I was getting tired of the Calibre Editor's spellchecker being stymied by artificially split words (IOW, the publisher added various tags for things like "id=" right in the middle of them). For instance:
Code:
ele<span epub:type="pagebreak" id="page_330" title="330"></span>phant
or, the more common, simpler variety:
Code:
ele<a id="page_330"></a>phant
The find string I'm currently using to find these artificial breaks is:
Code:
\w<[^/].+?></.+?>\w
- \w matches any word character (equivalent to [a-zA-Z0-9_])
- < matches the character < with index 6010 (3C16 or 748) literally (case sensitive)
- Match a single character not present in the list below [^/]
- / matches the character / with index 4710 (2F16 or 578) literally (case sensitive)
- . matches any character (except for line terminators)
- +? matches the previous token between one and unlimited times, as few times as possible, expanding as needed (lazy)
- ></ matches the characters ></ literally (case sensitive)
- . matches any character (except for line terminators)
- +? matches the previous token between one and unlimited times, as few times as possible, expanding as needed (lazy)
- > matches the character > with index 6210 (3E16 or 768) literally (case sensitive)
- \w matches any word character (equivalent to [a-zA-Z0-9_])
That seems to be working. But, is there some way to manage an automatic replacement? I'd assume that instead of looking for a word character snubbed up to the start of a tag (i.e., "<") and also one stuck to the ending tag (i.e., </...>, I'd look a "word" touching those tags. But, my regex isn't good enough. Any suggestions?
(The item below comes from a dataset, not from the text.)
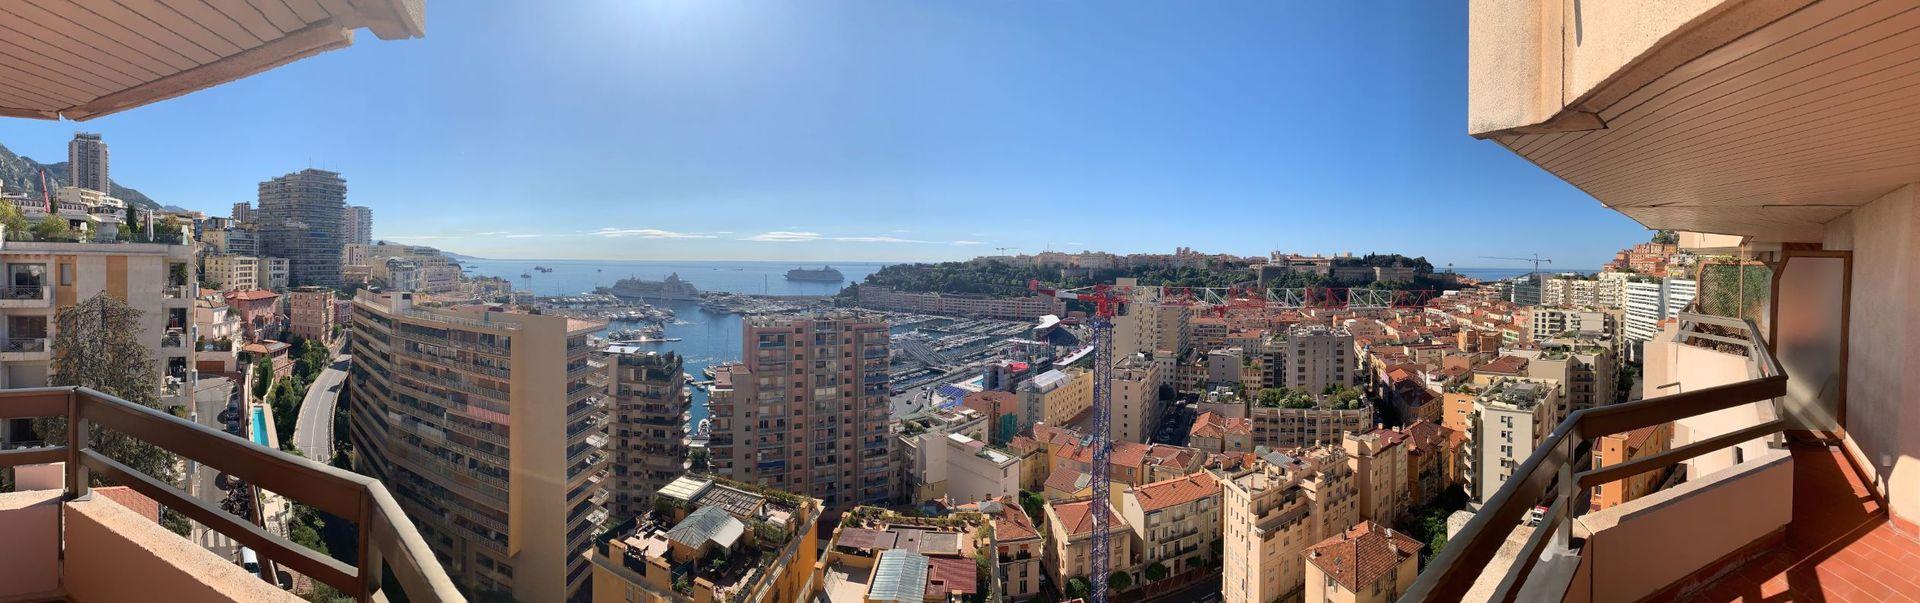 Apartment-for-Sale-Monaco-Port-View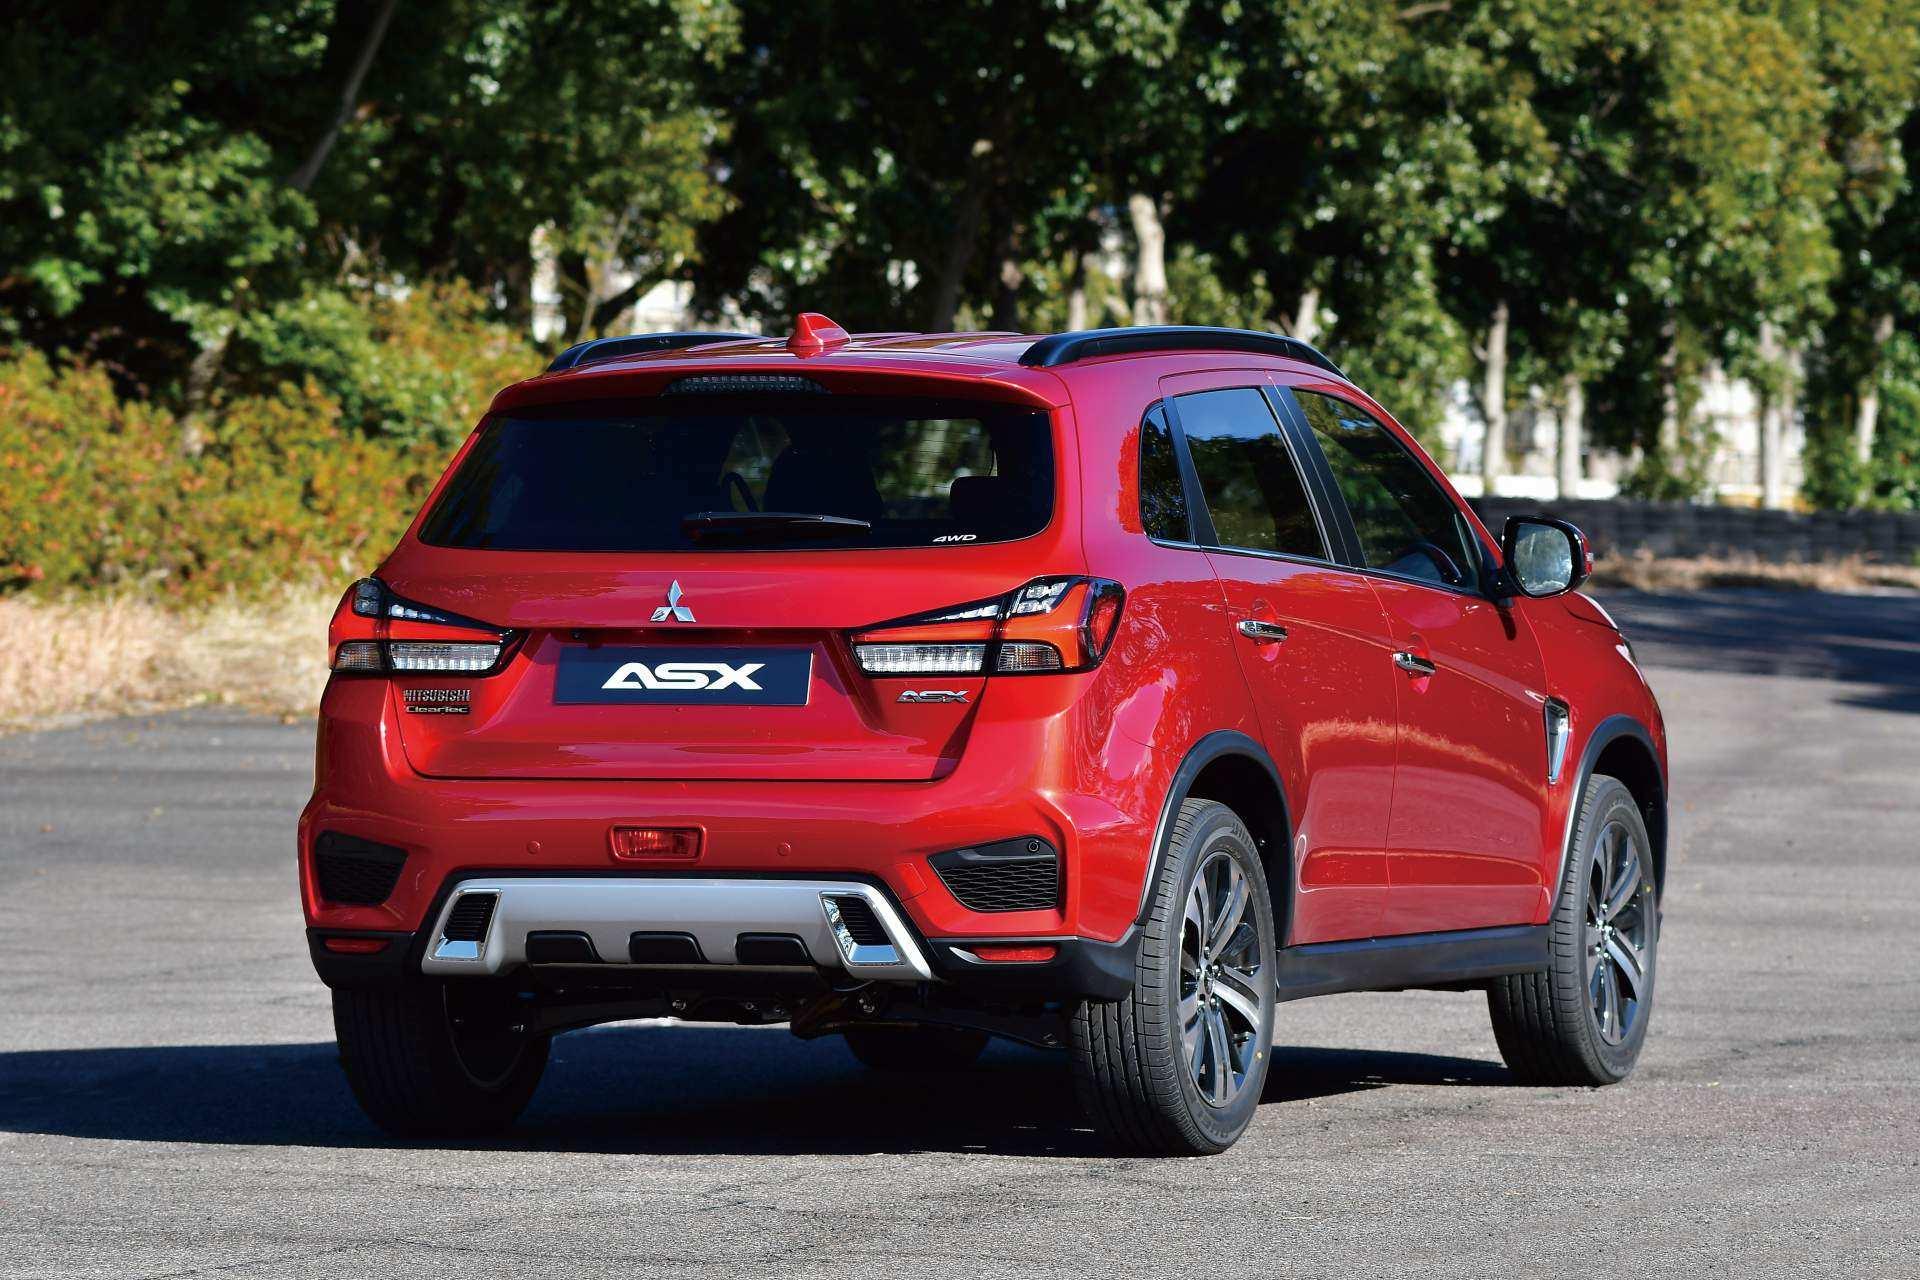 97 All New Mitsubishi Asx 2020 Dane Techniczne Exterior and Interior by Mitsubishi Asx 2020 Dane Techniczne

SUMMARIZING EDIT: From the material below, I've come up with a way of moving those tags from the middle of the word to the end. I've created two saved searches (one for non-self-terminating tags and one for self-terminating ones). I run both since, for some reason, some of my books use both methods:
Non-Self-Terminating Tags:
Code:
FIND: (\b\w+?)(<\w.+?></\w*?>)(\w+?\b)
REPLACE: \1\3\2
Self-Terminating Tags:
Code:
FIND: (\b\w+?)(<[^/]+?/>)(\w+?\b)
REPLACE: \1\3\2